> **EXTRACTED ENTRIES**

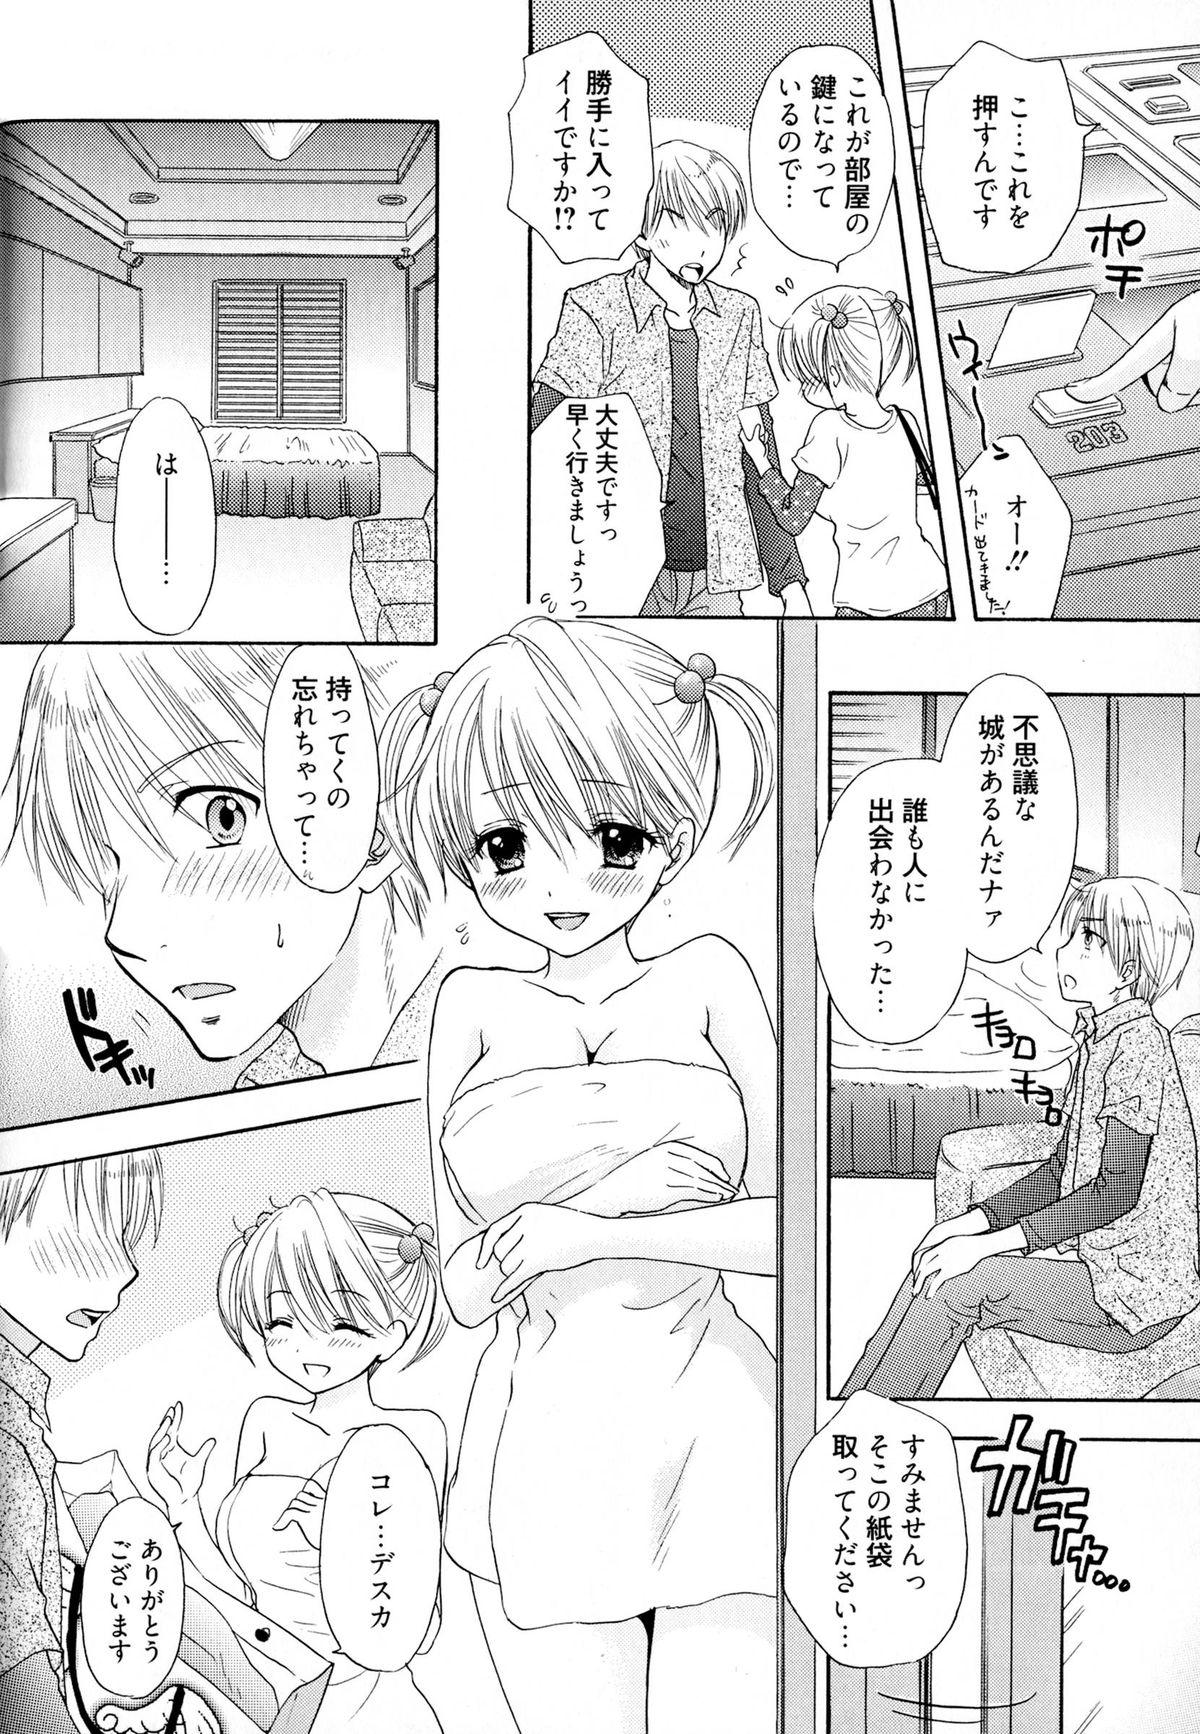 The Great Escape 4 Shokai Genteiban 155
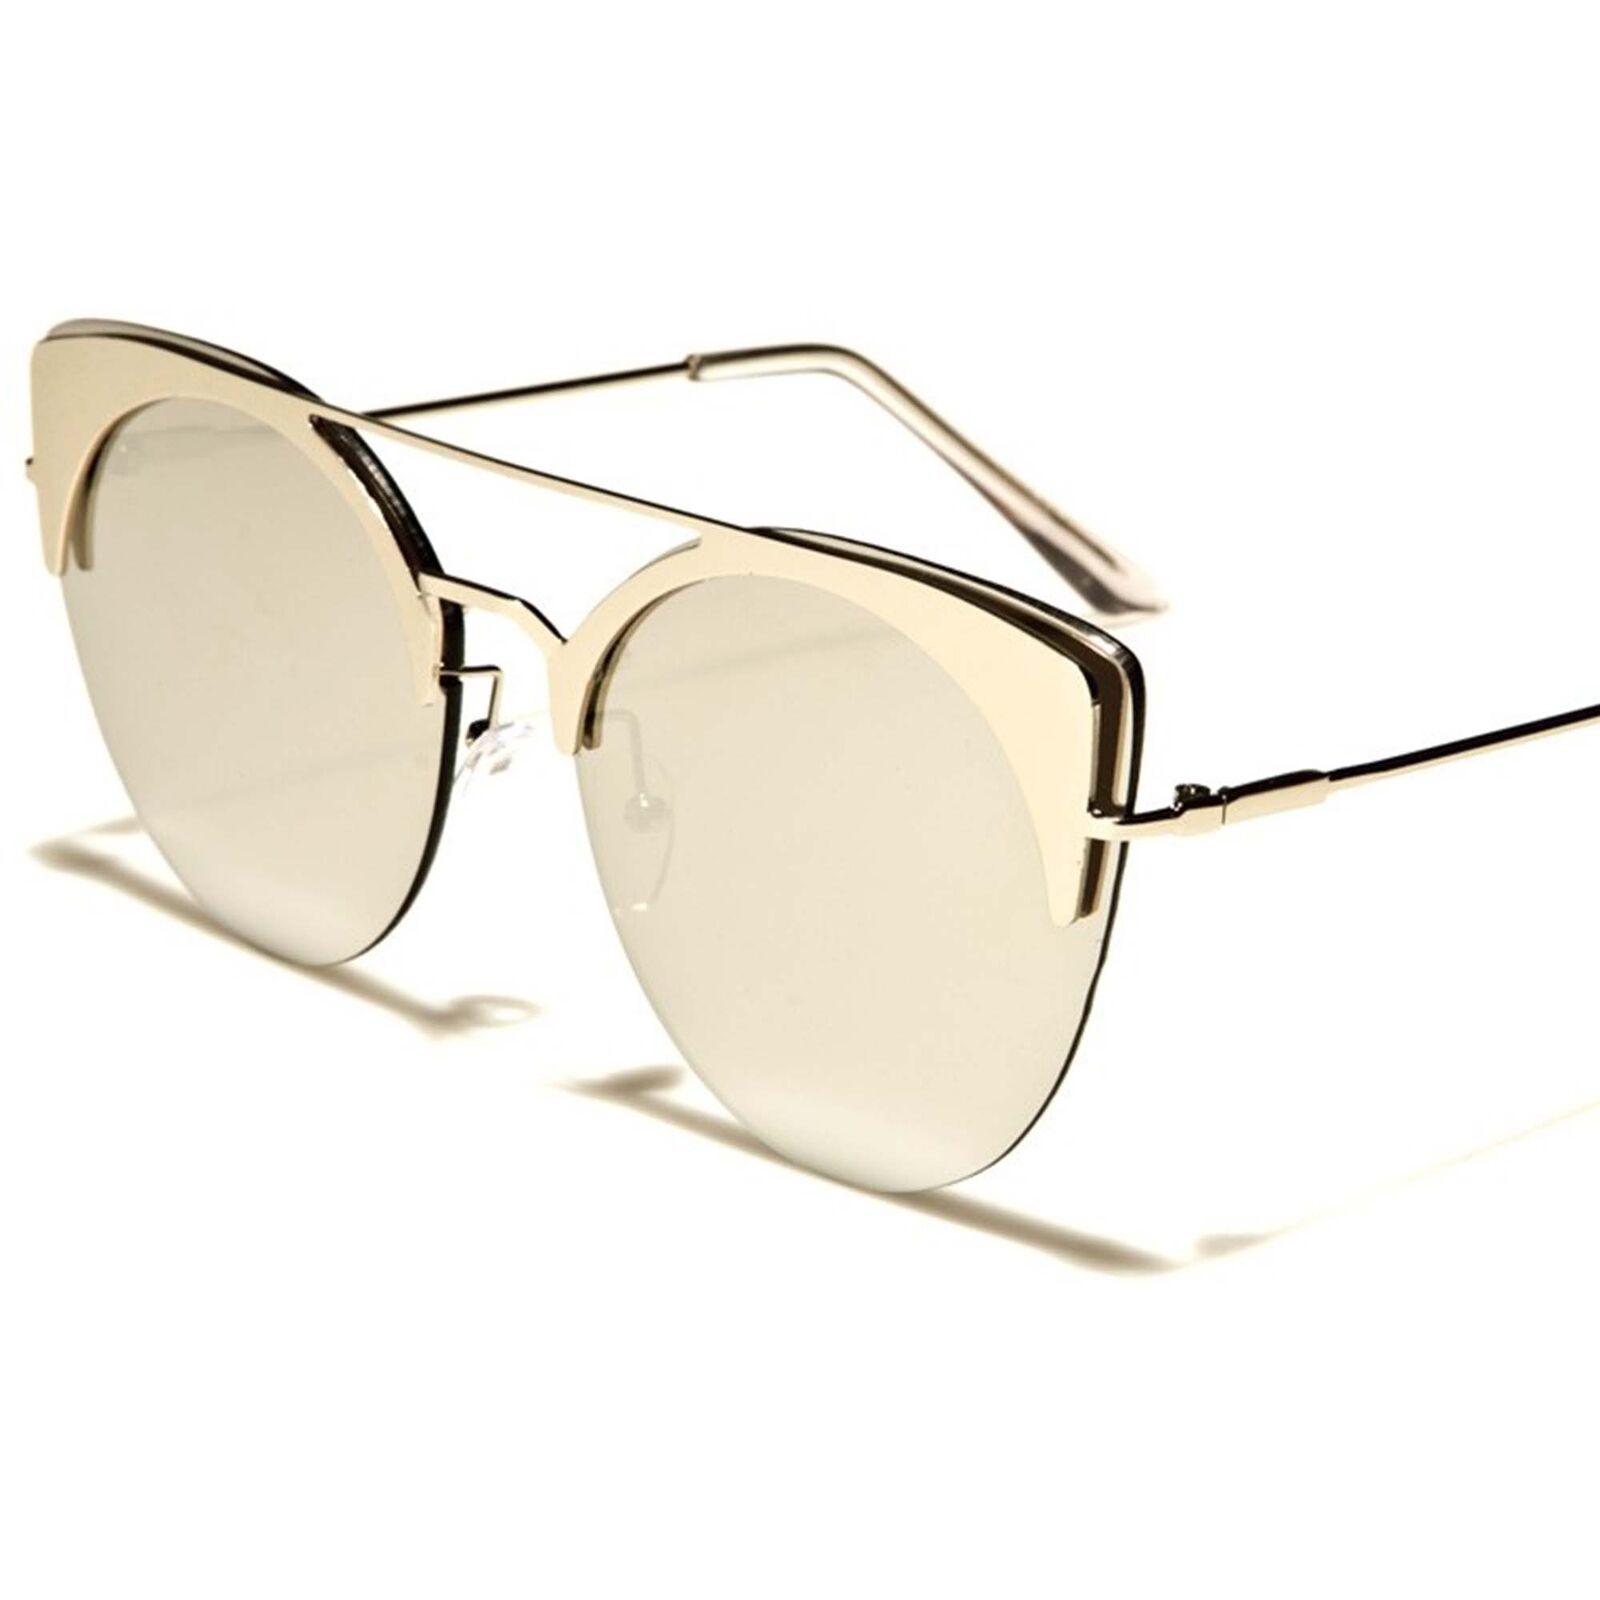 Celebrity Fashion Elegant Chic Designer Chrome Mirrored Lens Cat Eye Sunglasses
* * *
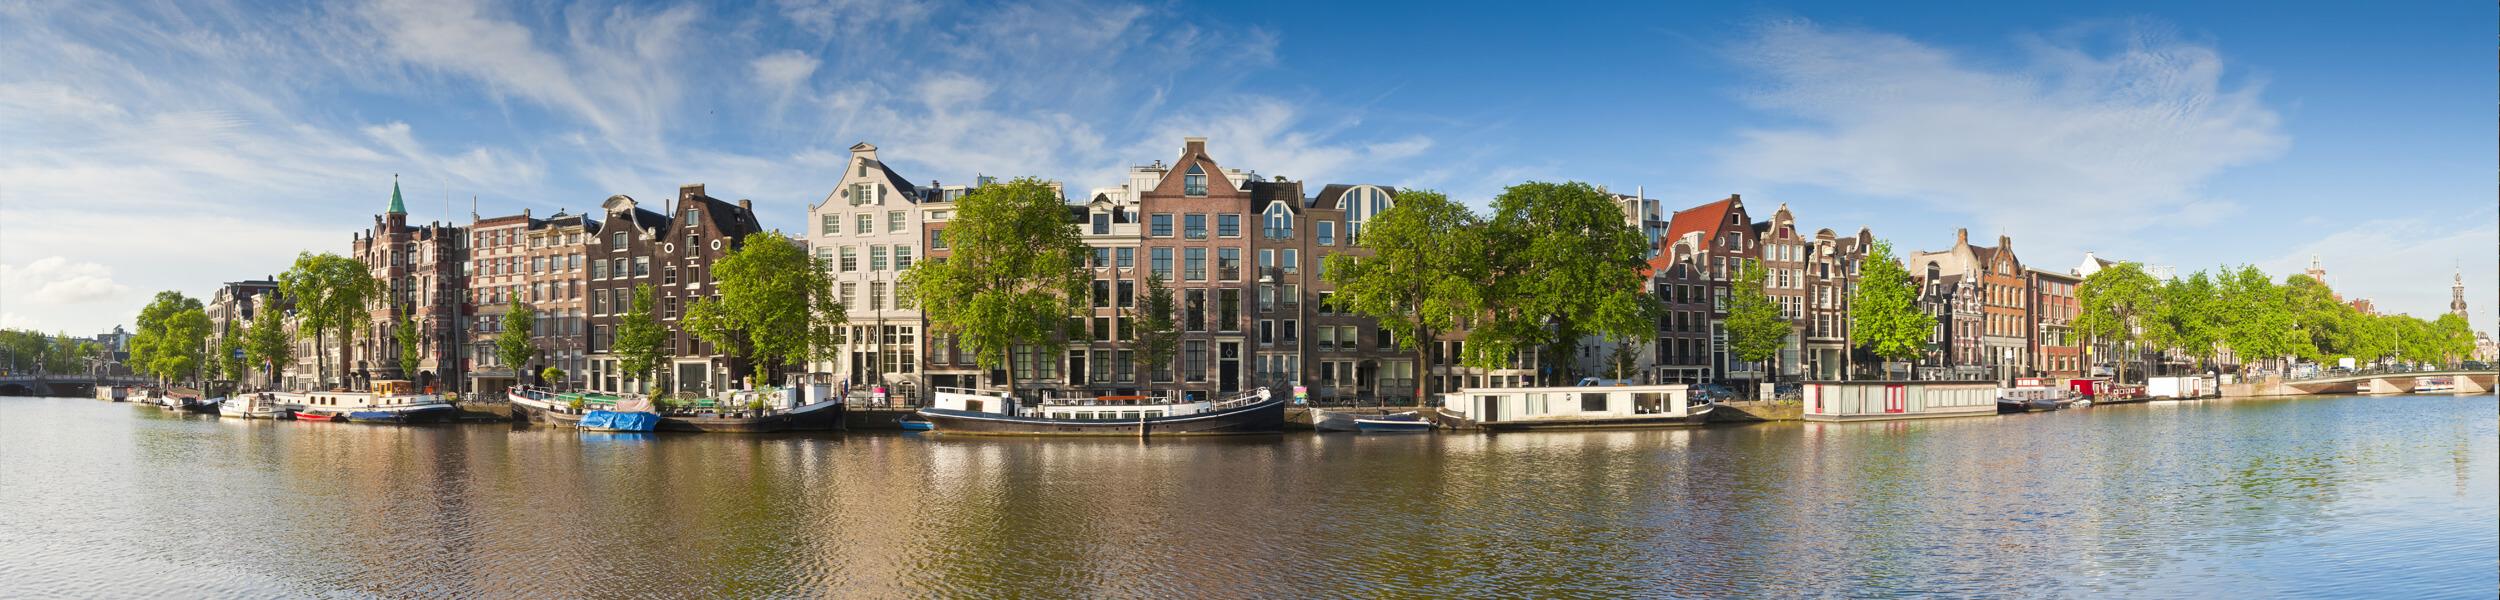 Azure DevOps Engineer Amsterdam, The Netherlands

> **TASK ITEM**
No picture is to be printed. Output exactly the lines above from the line containing "The Great Escape 4 Shokai Genteiban 155" through the line containing "Celebrity Fashion Elegant".

> **RESPONSE BELOW**
 The Great Escape 4 Shokai Genteiban 155
 Celebrity Fashion Elegant Chic Designer Chrome Mirrored Lens Cat Eye Sunglasses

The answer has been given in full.